DATA SEGMENT:
....
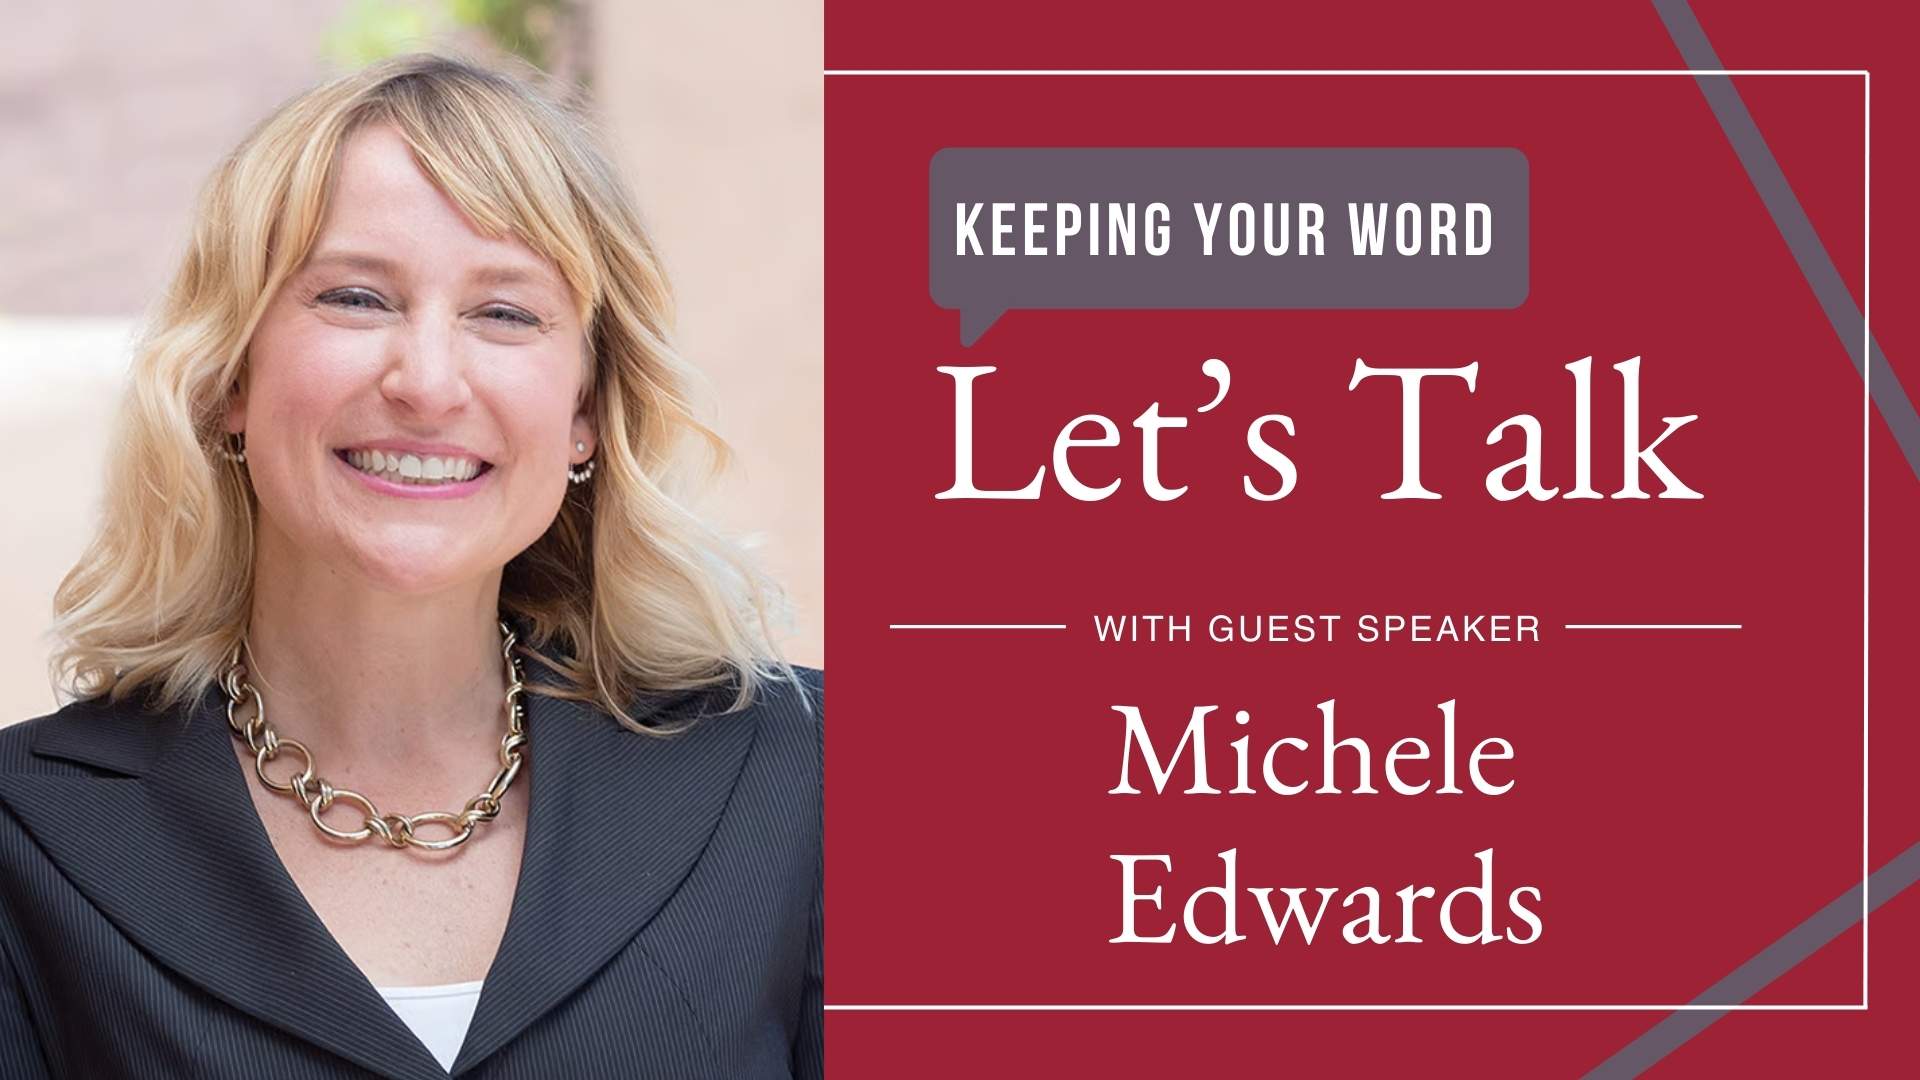 Michele Edwards - Let's Talk about Keeping Your Word guest speaker
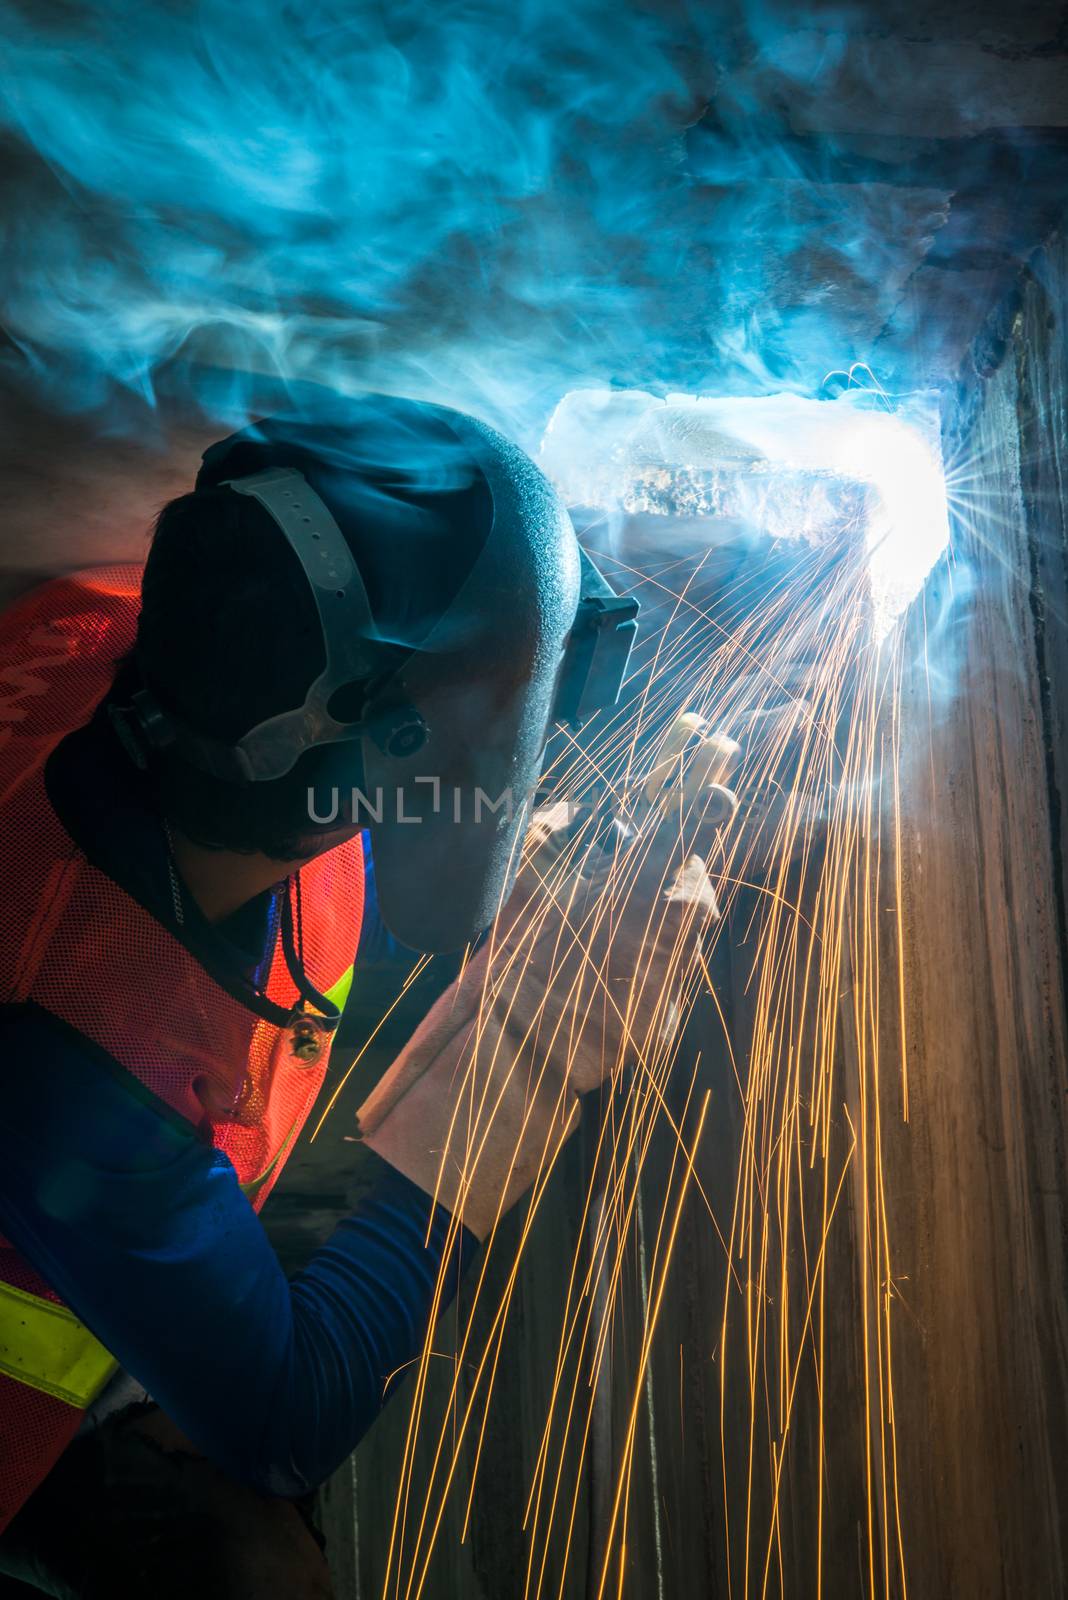 worker welding metal with sparks
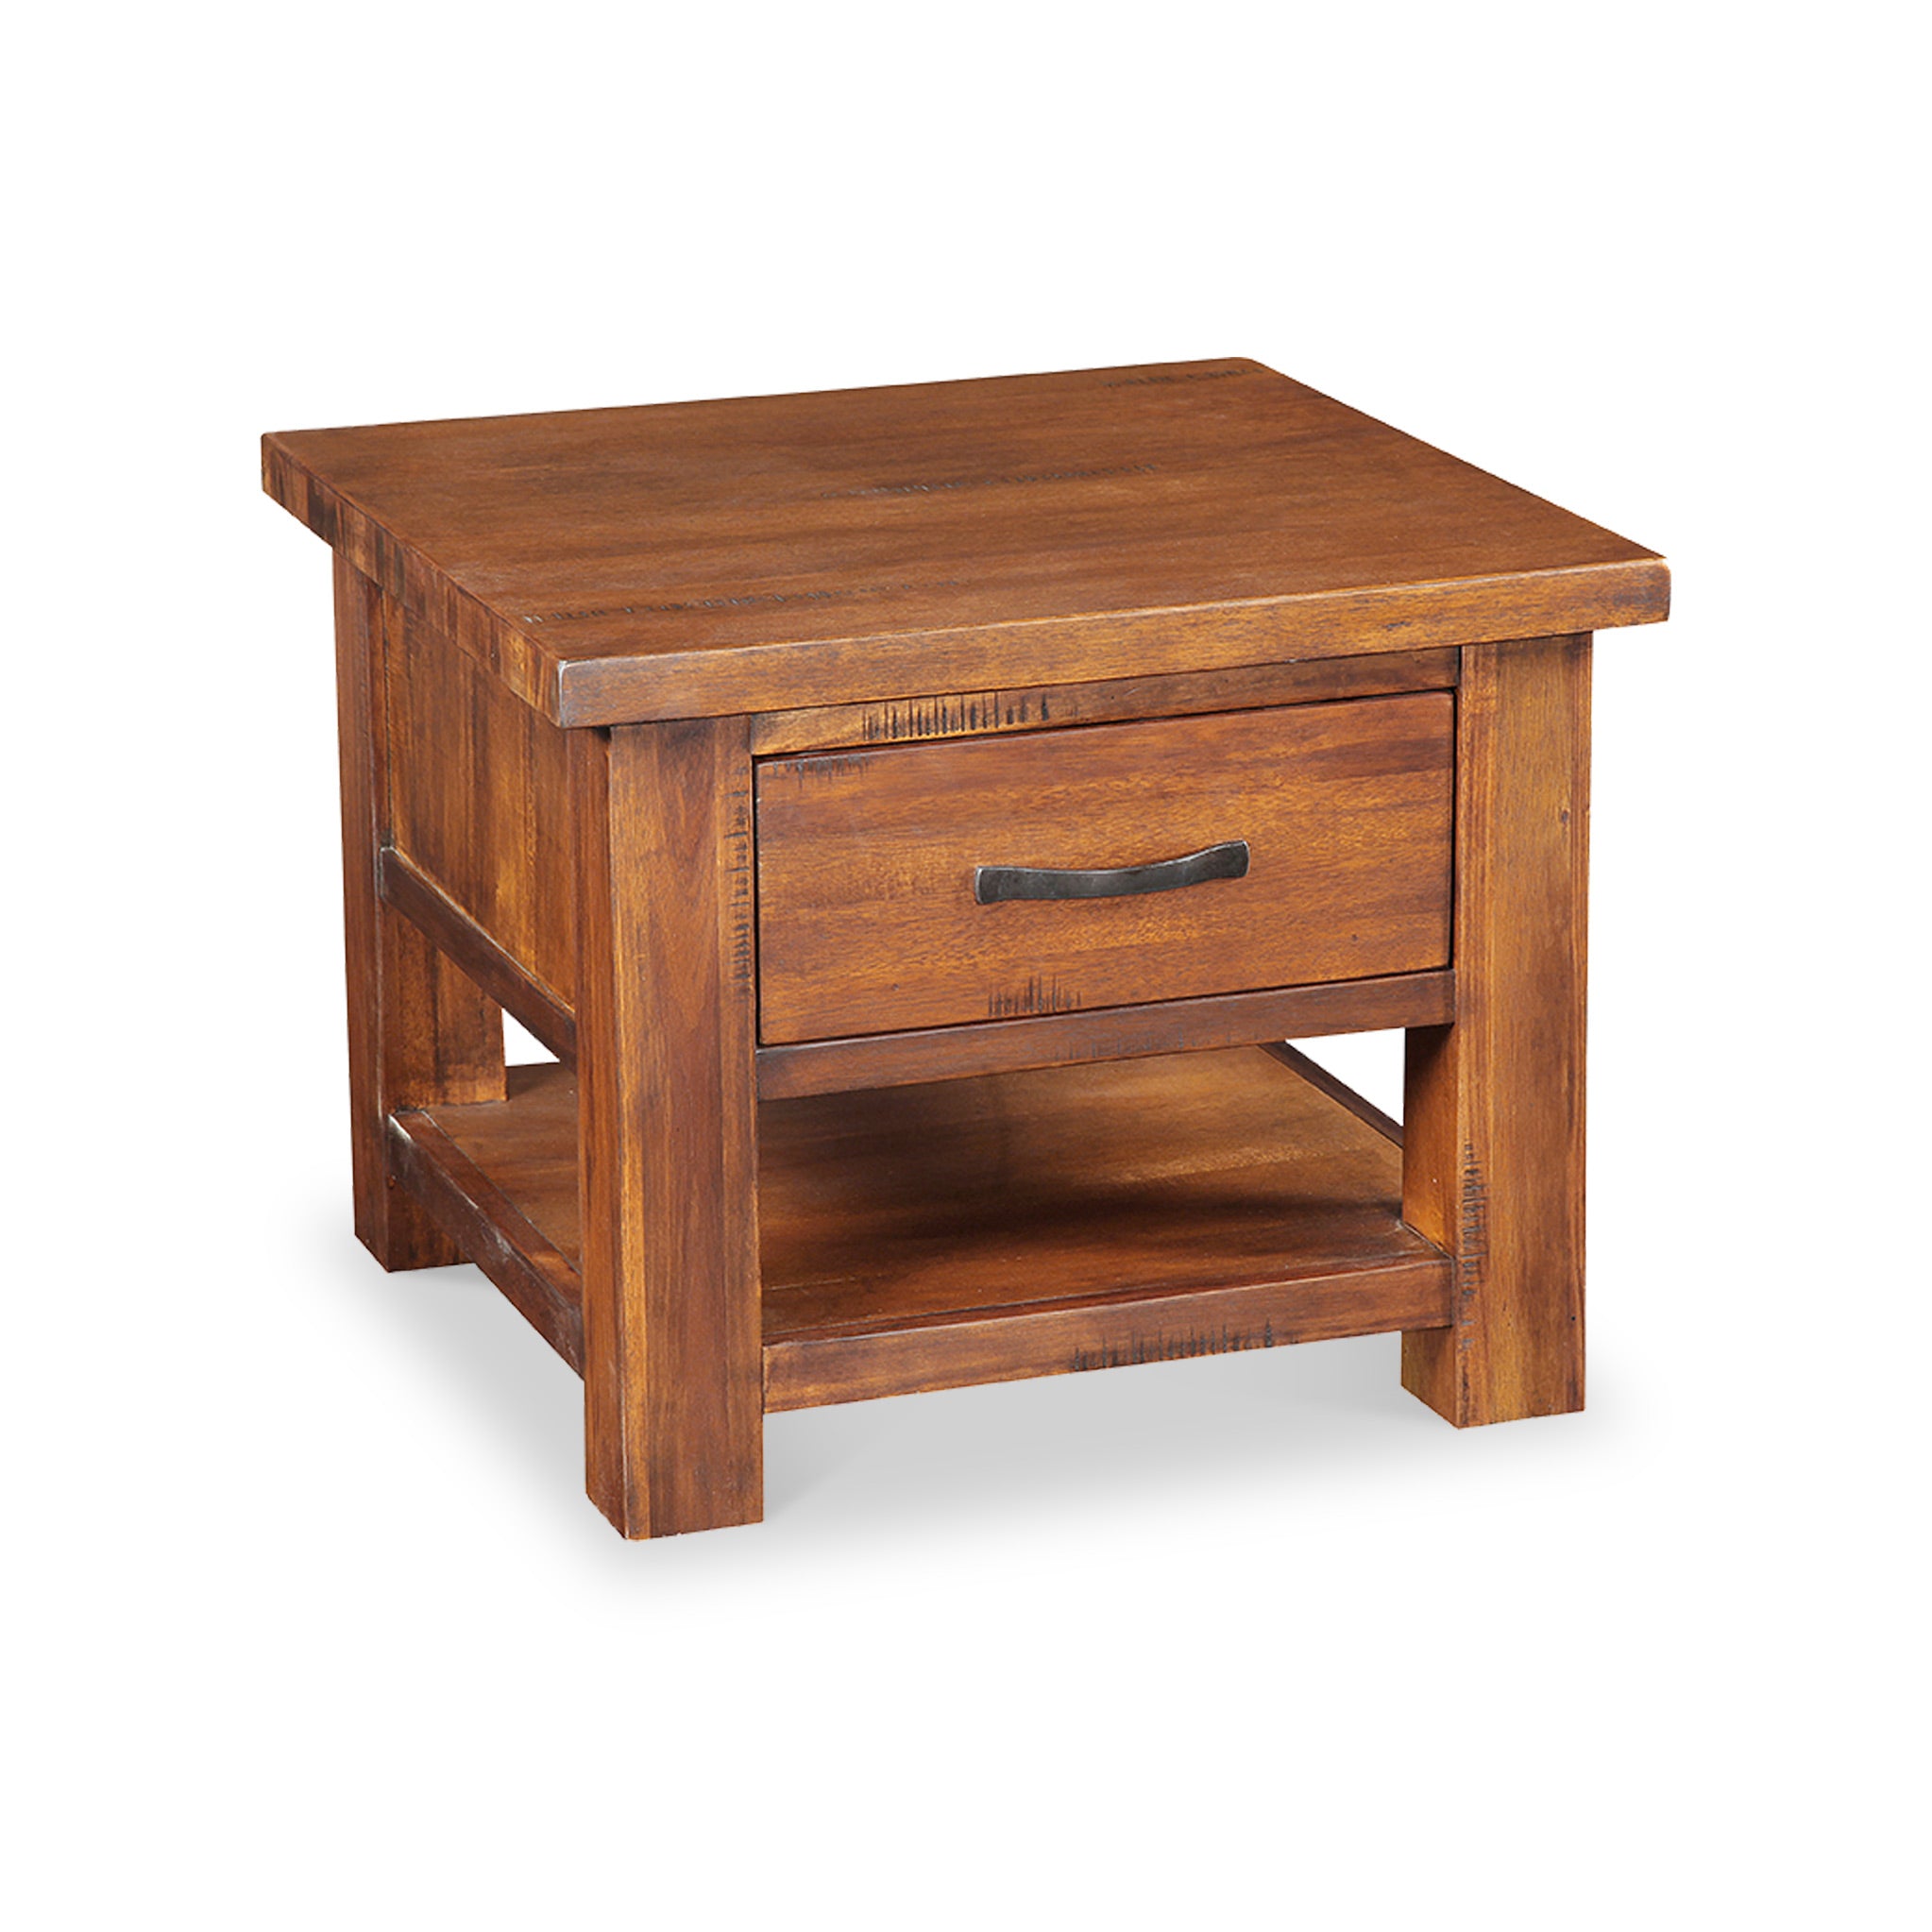 Ladock Acacia Lamp Table With Storage Drawer Roseland
....
WHAT TO PRODUCE:
Once the pictures are set aside, please output all the data word for word.

PROBLEM SOLUTION:
 Michele Edwards - Let's Talk about Keeping Your Word guest speaker
 worker welding metal with sparks
 Ladock Acacia Lamp Table With Storage Drawer Roseland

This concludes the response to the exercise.